_Task item_.
Would you print the lines below exactly, beginning at the line that has "Monique Gabrielle nude, Michelle" and stopping after the line that has "Microsoft Flight Simulator"? Only those lines, and no pictures.

Supplied records section start

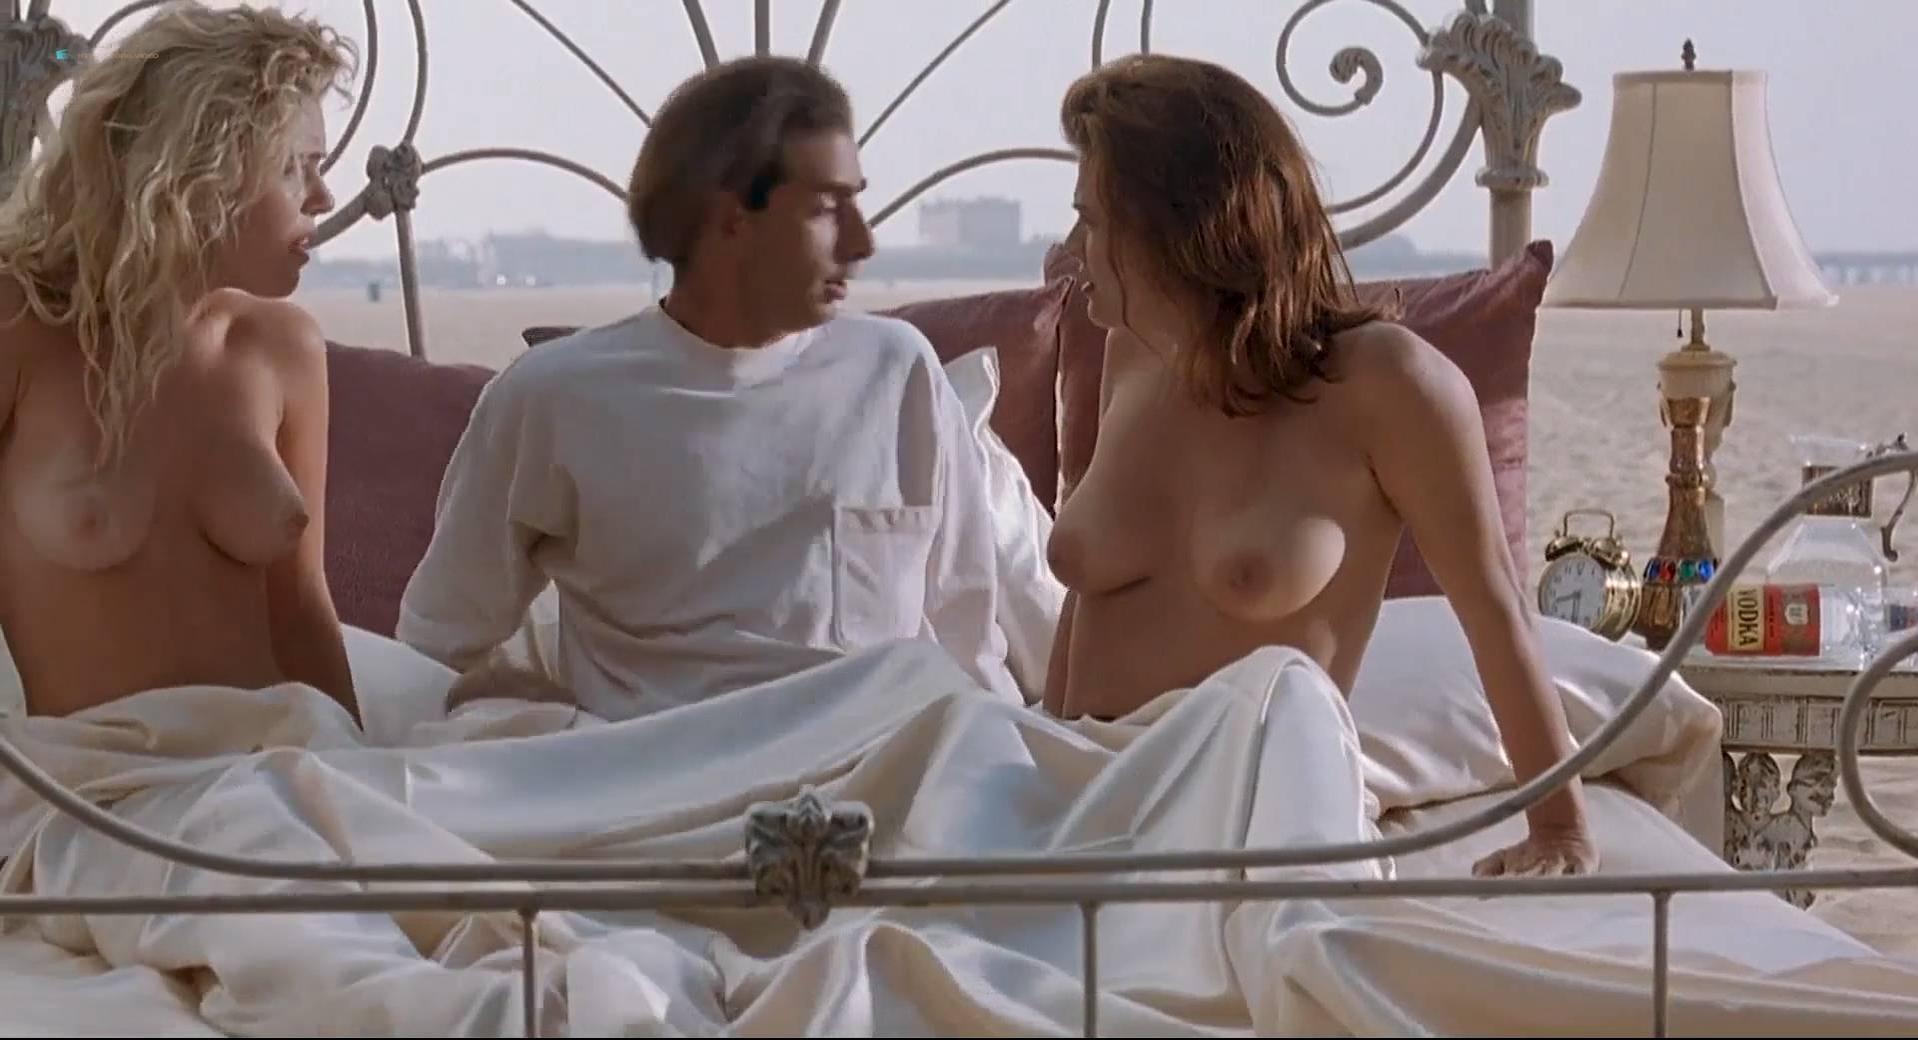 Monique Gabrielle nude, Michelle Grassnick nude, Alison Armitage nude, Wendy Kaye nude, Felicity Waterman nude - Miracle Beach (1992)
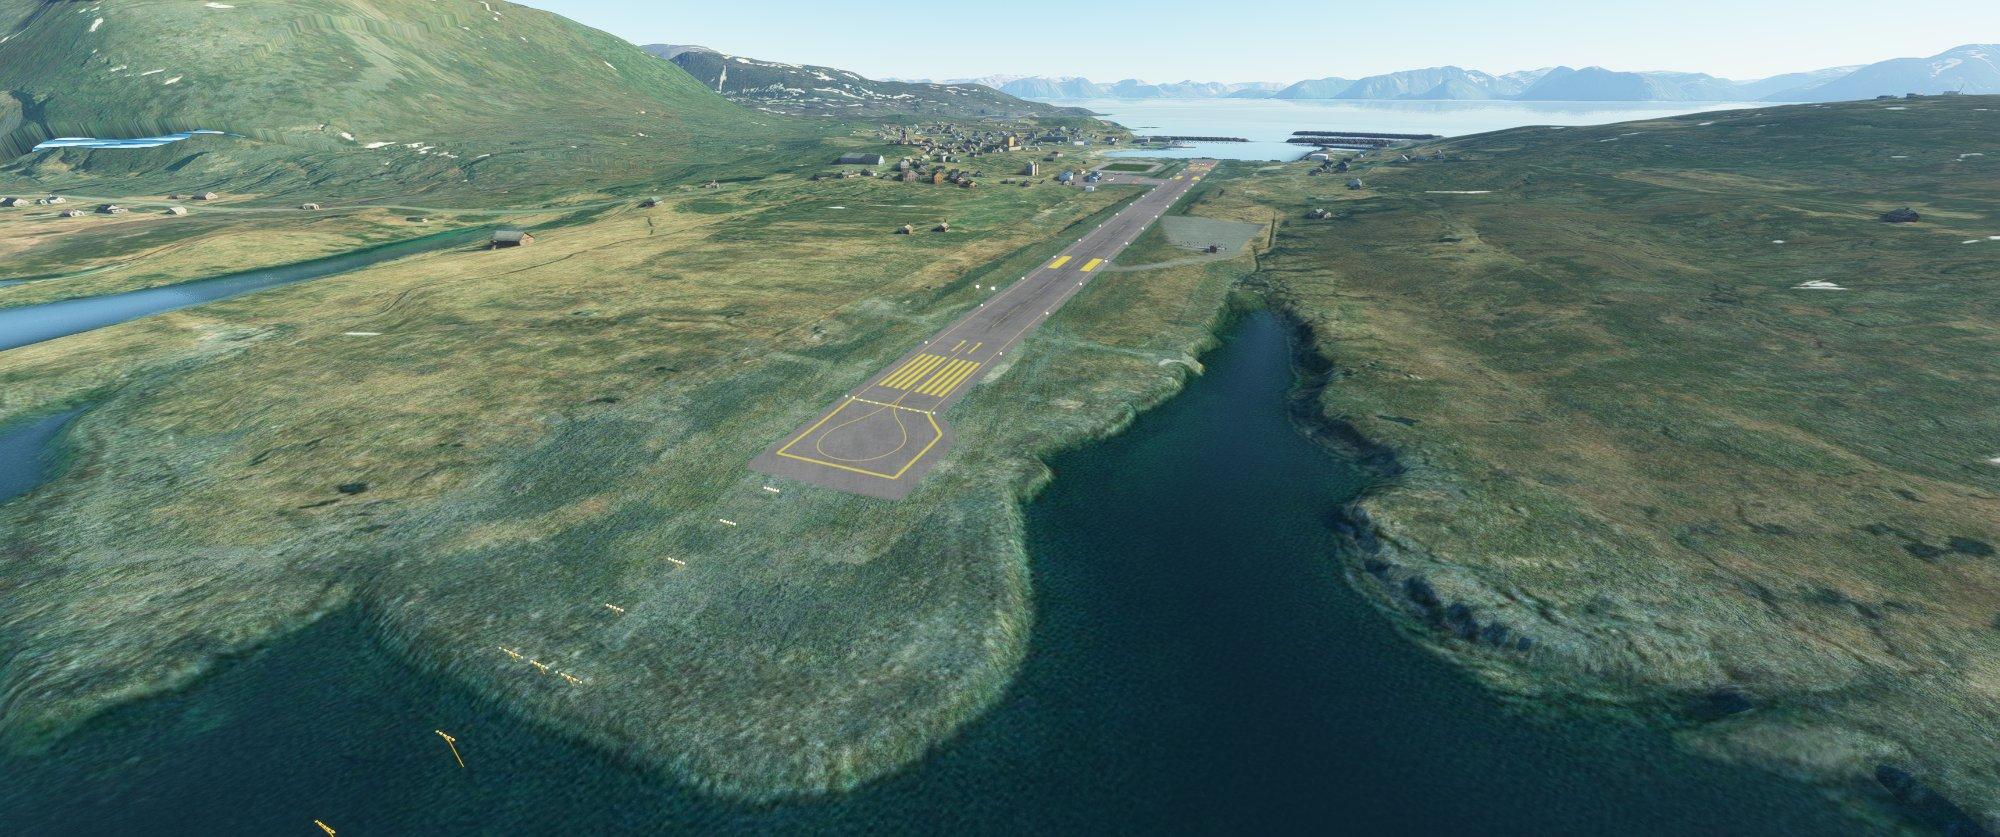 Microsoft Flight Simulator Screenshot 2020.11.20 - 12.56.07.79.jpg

Supplied records section end
Supplied records section start

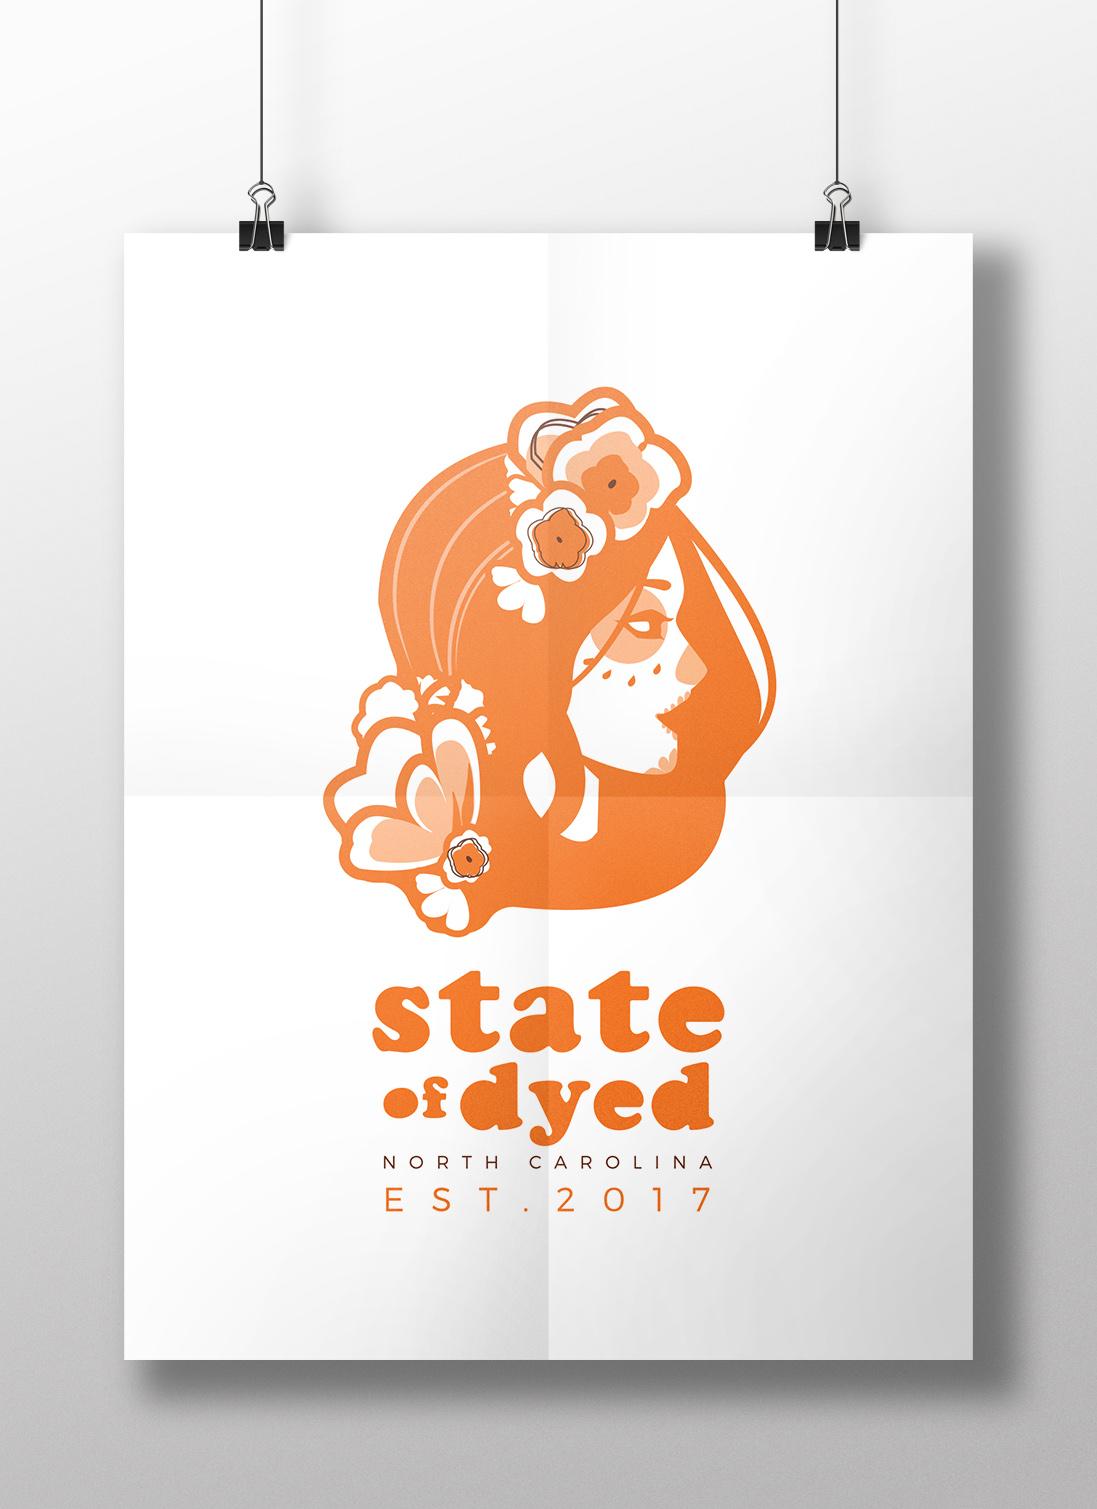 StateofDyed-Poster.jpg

Supplied records section end

_Response for this exercise_.
 Monique Gabrielle nude, Michelle Grassnick nude, Alison Armitage nude, Wendy Kaye nude, Felicity Waterman nude - Miracle Beach (1992)
 Microsoft Flight Simulator Screenshot 2020.11.20 - 12.56.07.79.jpg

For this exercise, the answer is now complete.